Do they? Perhaps they do, I don’t know. I’d have thought we’ve grown out of the injunction to replicate. The call of the modern age is (faux)individualism, development and indulgence, and the white picket fence mentality is now a lived cliché, at least in the West. According to Gore Vidal, “Men and women are dispensable carriers, respectively, of seed and eggs; programmed to mate and die, mate and die, mate and die. One can see why “love” was invented by some artist who found depressing the dull mechanics of our mindless mission to be fruitful and multiply”. It seems to me we’re being reprogrammed, to consume abortively, and needn’t “take on the load of reproduction and years of nurture” with the same mechanical attitude. Indeed from our present vantage, how can we reflect on marriage as anything but a make-shift and disastrous institution from the beginning?
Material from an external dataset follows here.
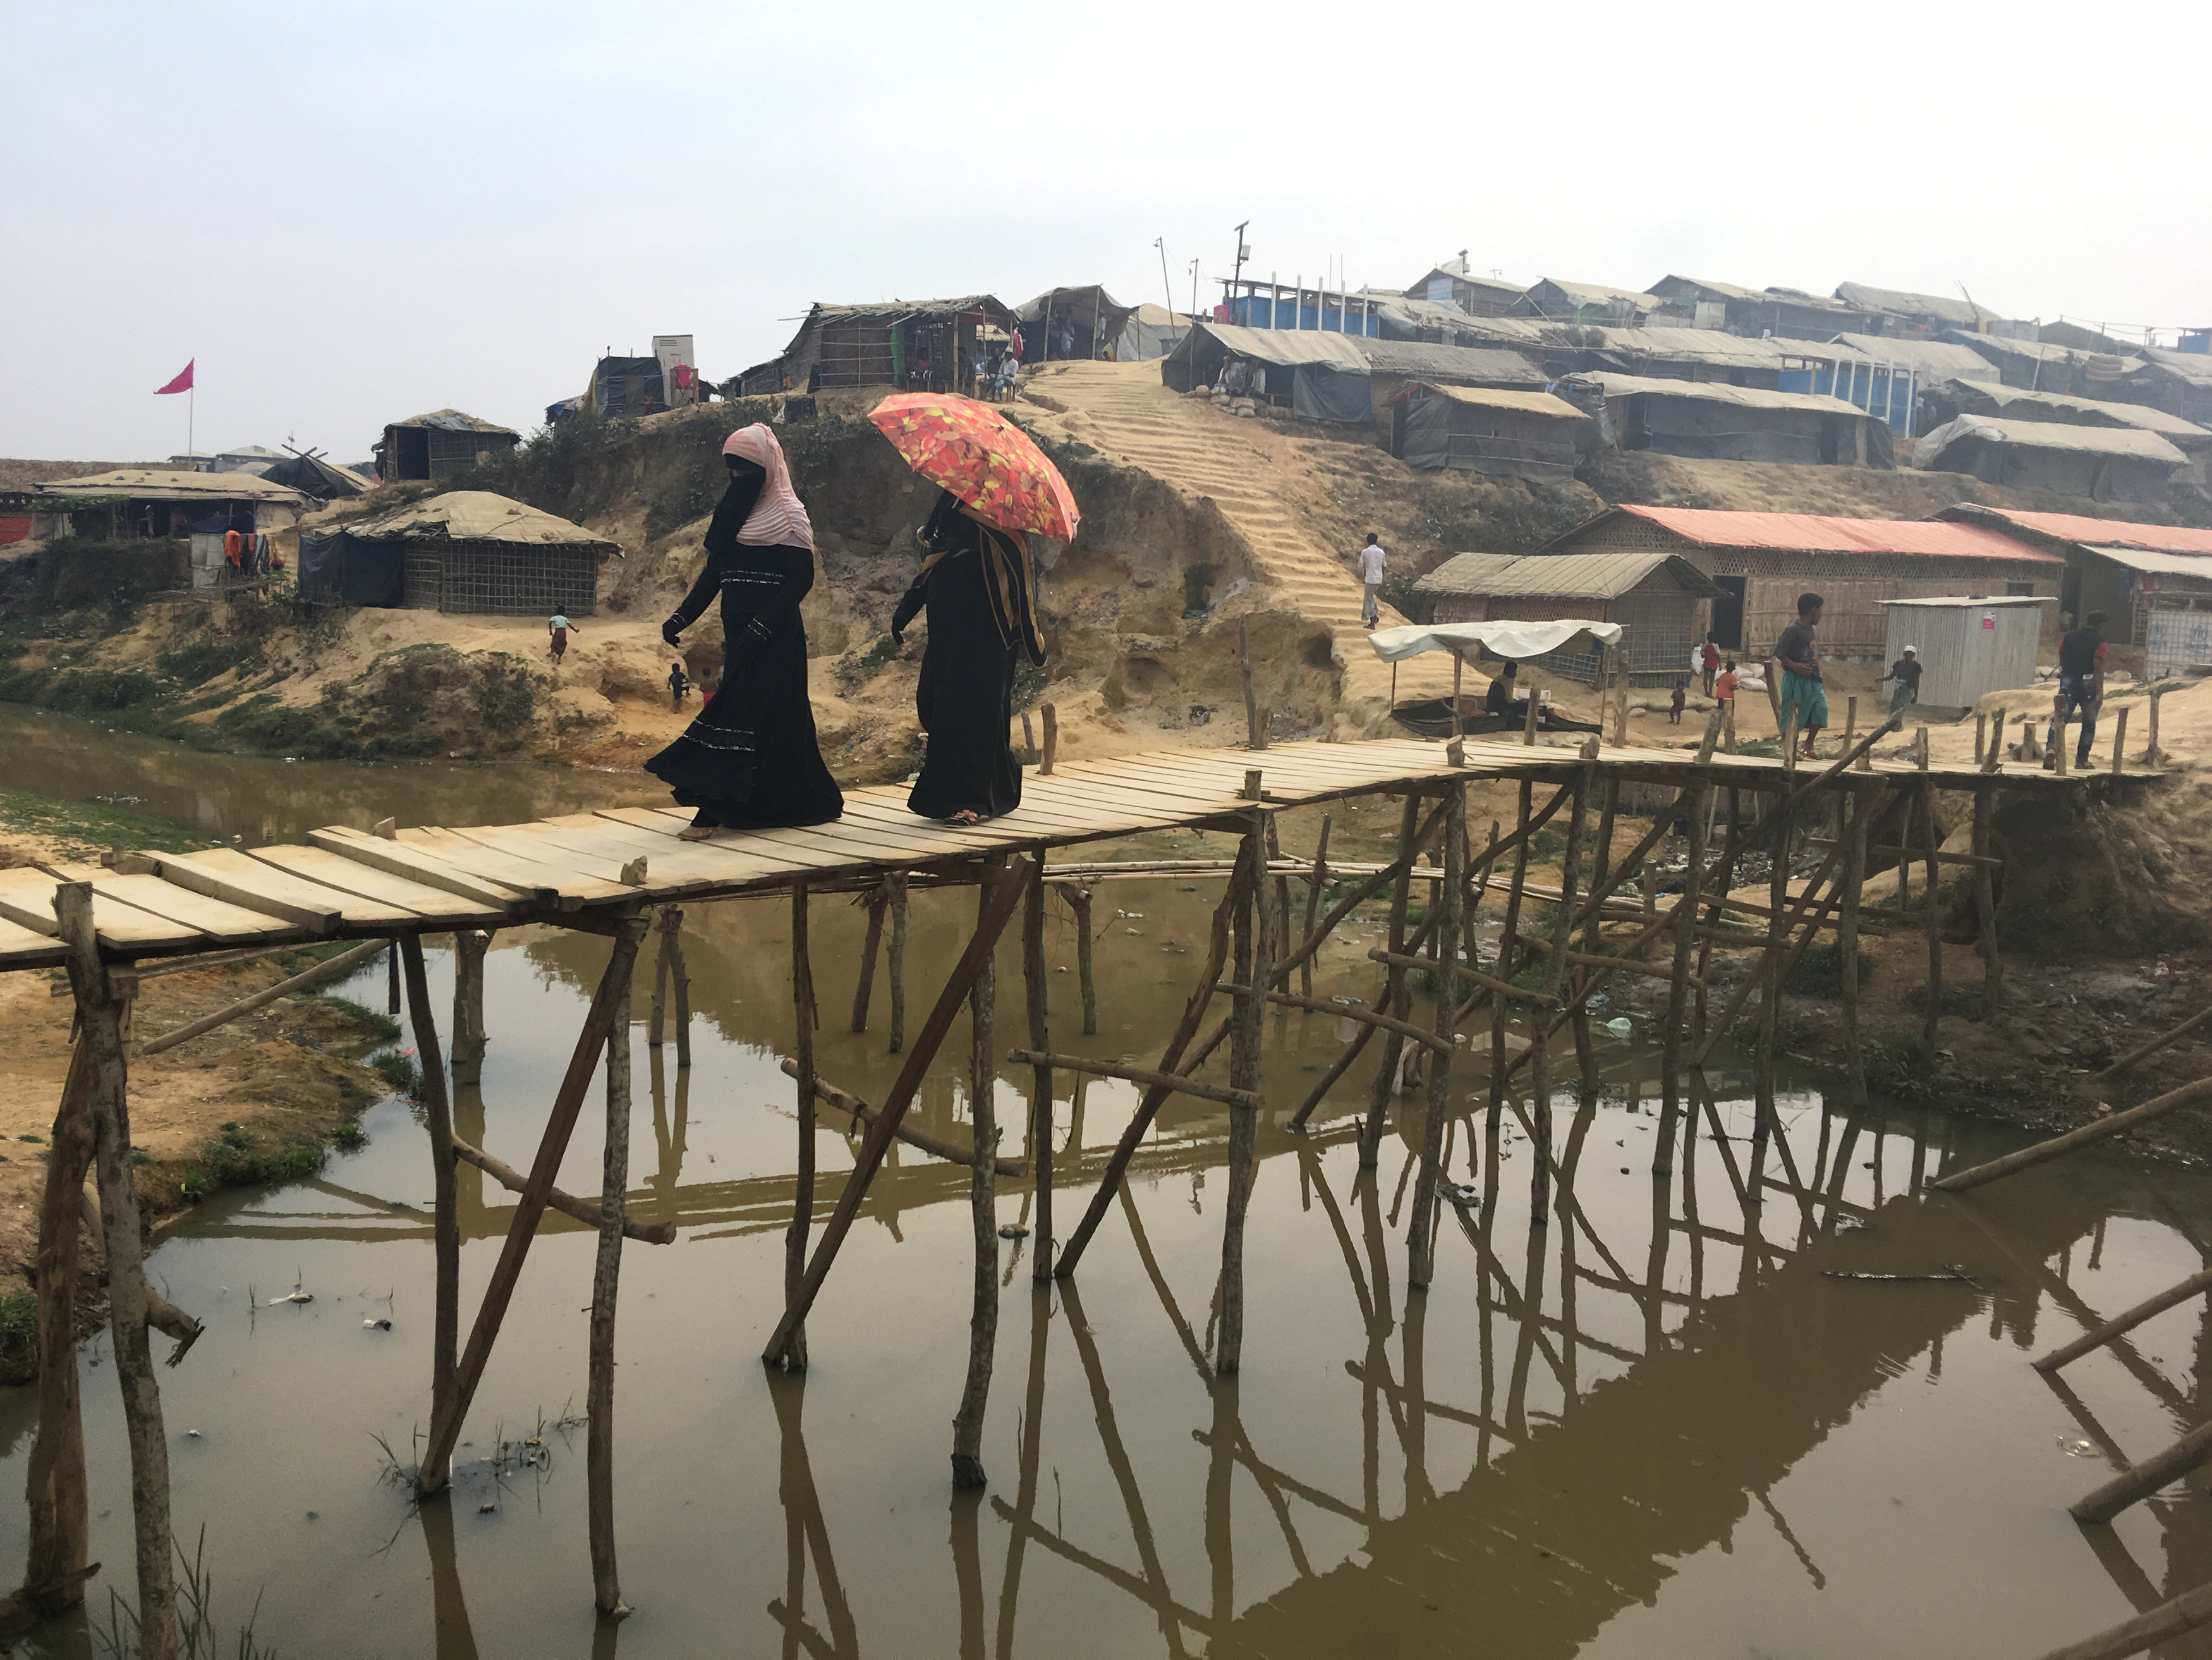 Monsoon floods, landslides threaten 100,000 Rohingya refugees in Bangladesh

Maybe daycare’s a better option for kids than generally dysfunctional families? Now that women are protected by law and welfare, or can combine careers and families, surely we can segregate the sexes and hand the prime responsibility of child-rearing over to professionals and the State? This is women’s logical next step, from the dubious protection of men to the haven of the State. Jocelynne Scutt bemoans the “struggle against the imposition of religion and the notion that women are and should be subject to male authority”, yet she’s trying to preserve the integrity of a religious institution and the nuclear family—a redundant patriarchal compromise, opposed originally against the greater dangers of nature and the elements.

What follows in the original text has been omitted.